◆ Your task ◆
Among the records below, find the line with "Encouraging women to" and the line with "Detroit Tigers Clipart". Set down both and every line between, exactly and with no pictures, but nothing else.

◆ Supplied material ◆
____
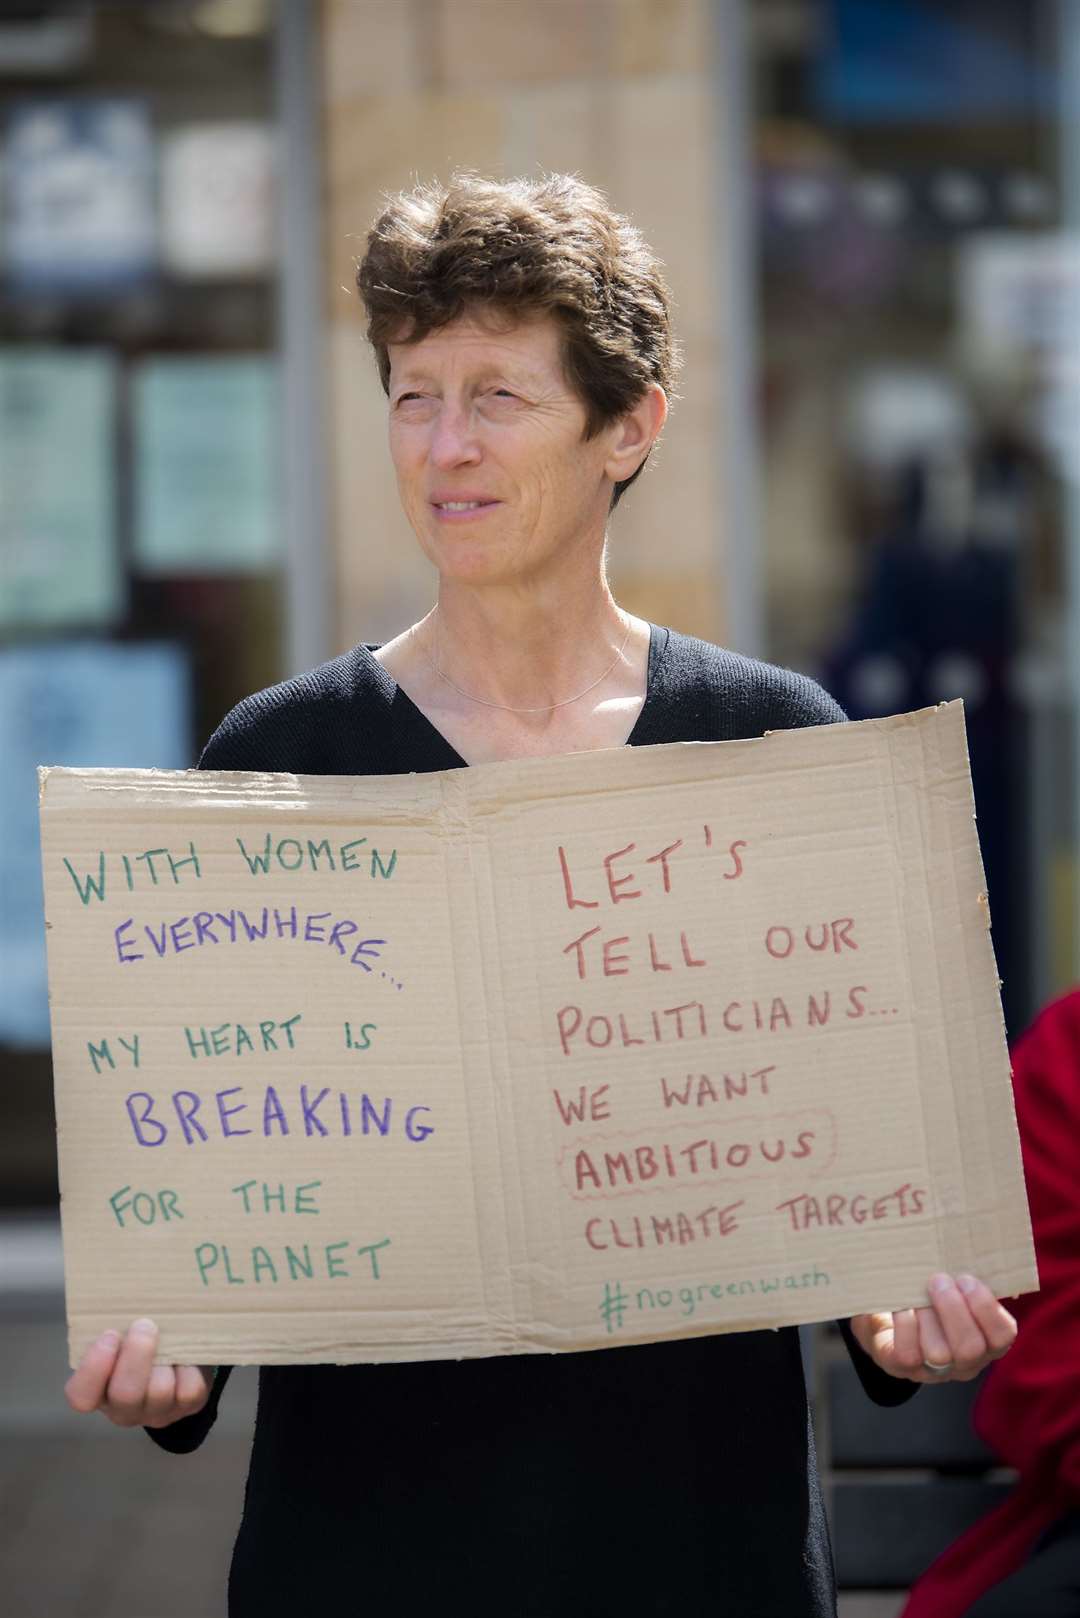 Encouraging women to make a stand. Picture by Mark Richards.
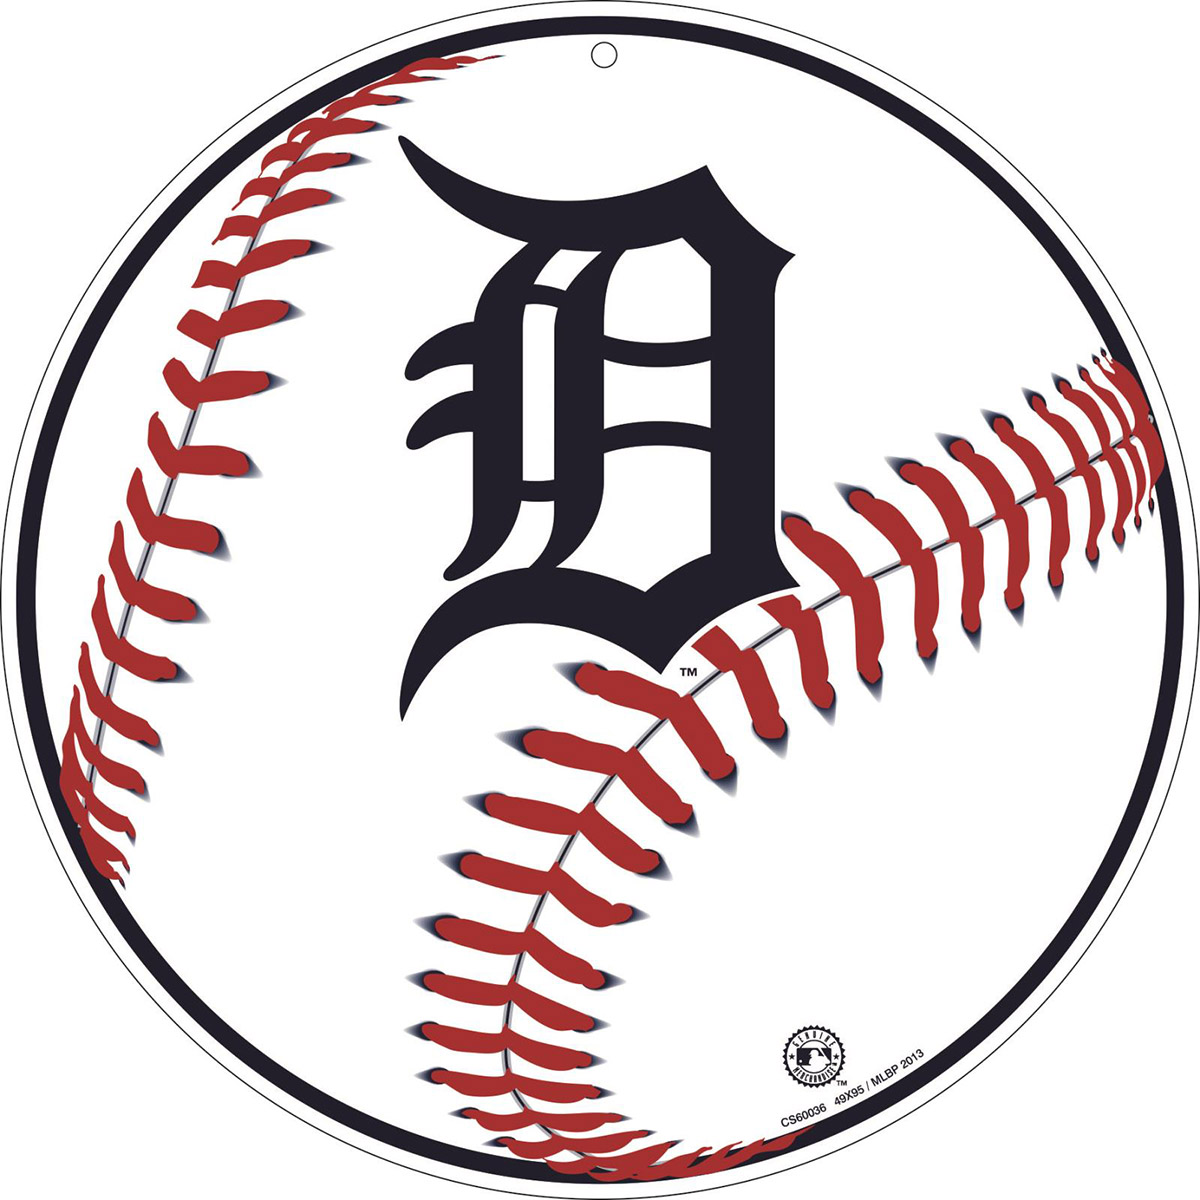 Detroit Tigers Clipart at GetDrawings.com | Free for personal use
____
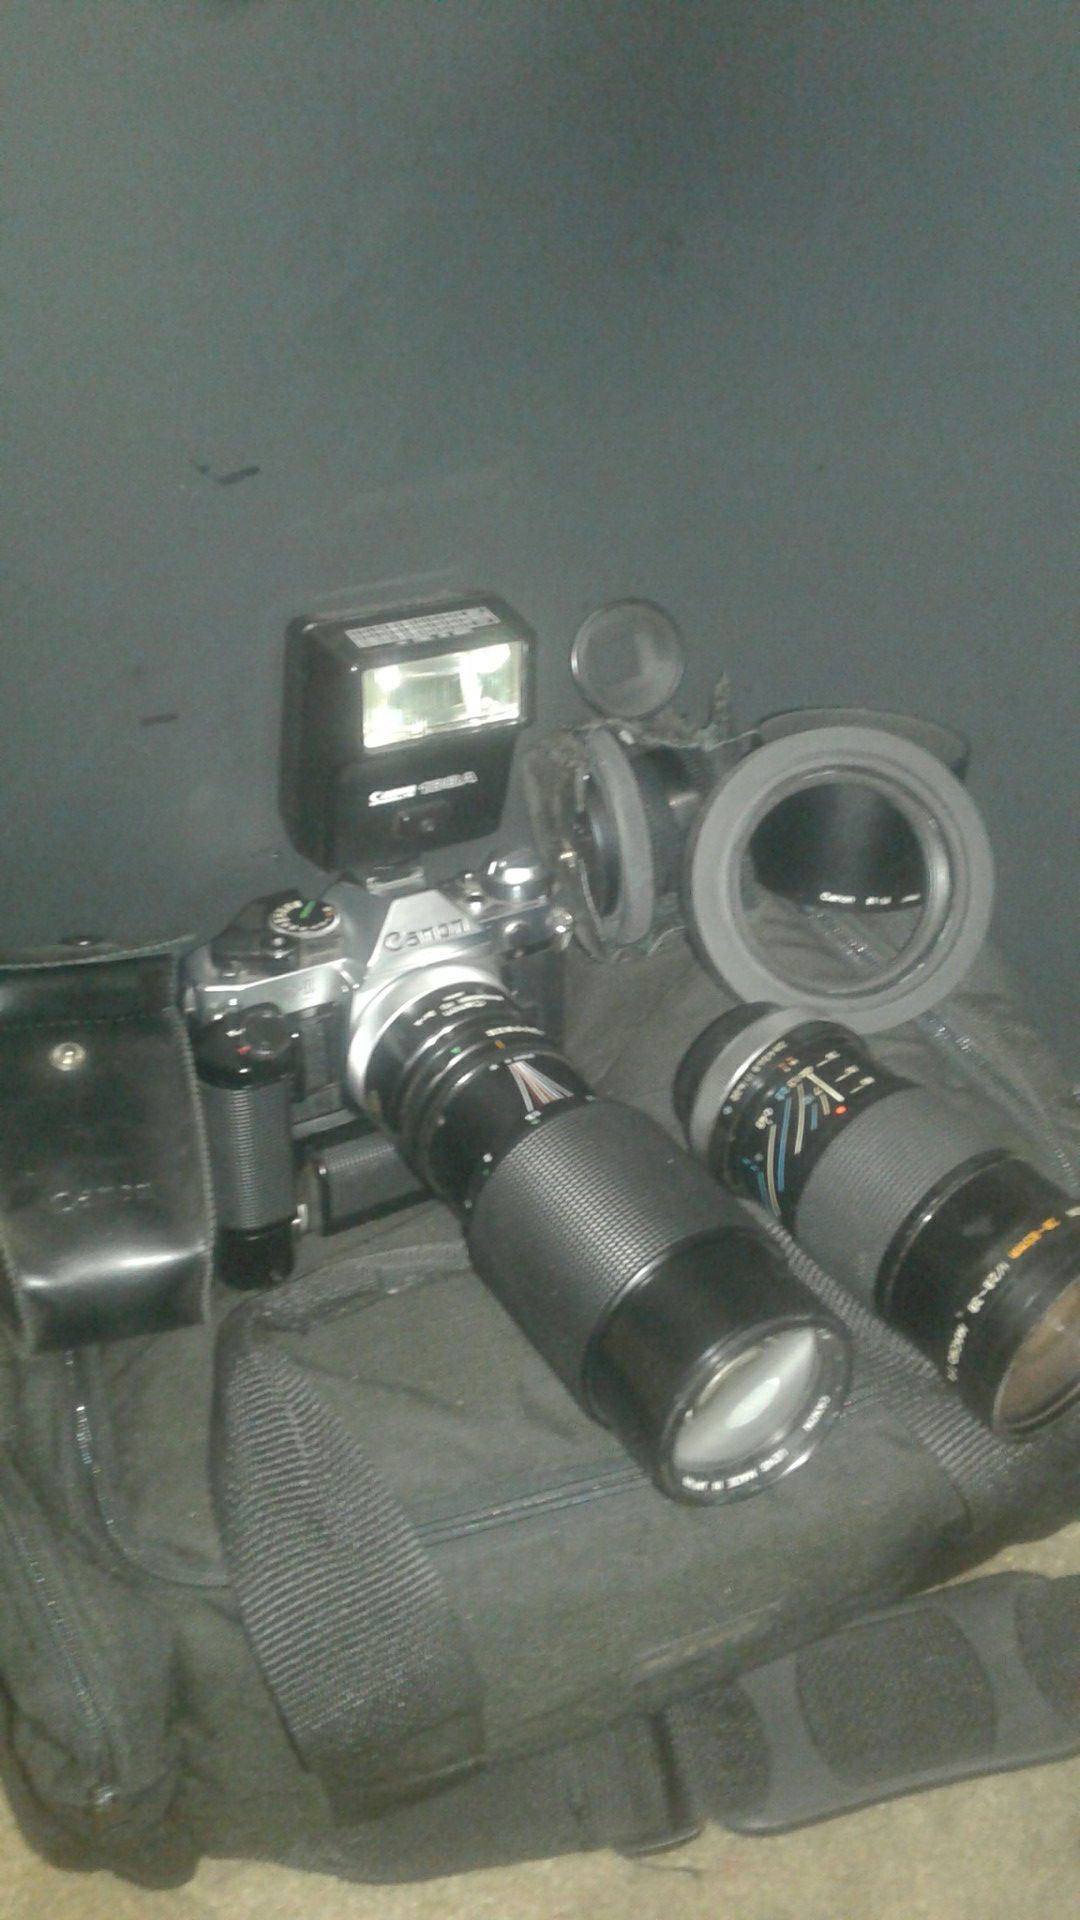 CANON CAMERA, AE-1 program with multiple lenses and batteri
____
◆ Output for this task ◆
 Encouraging women to make a stand. Picture by Mark Richards.
 Detroit Tigers Clipart at GetDrawings.com | Free for personal use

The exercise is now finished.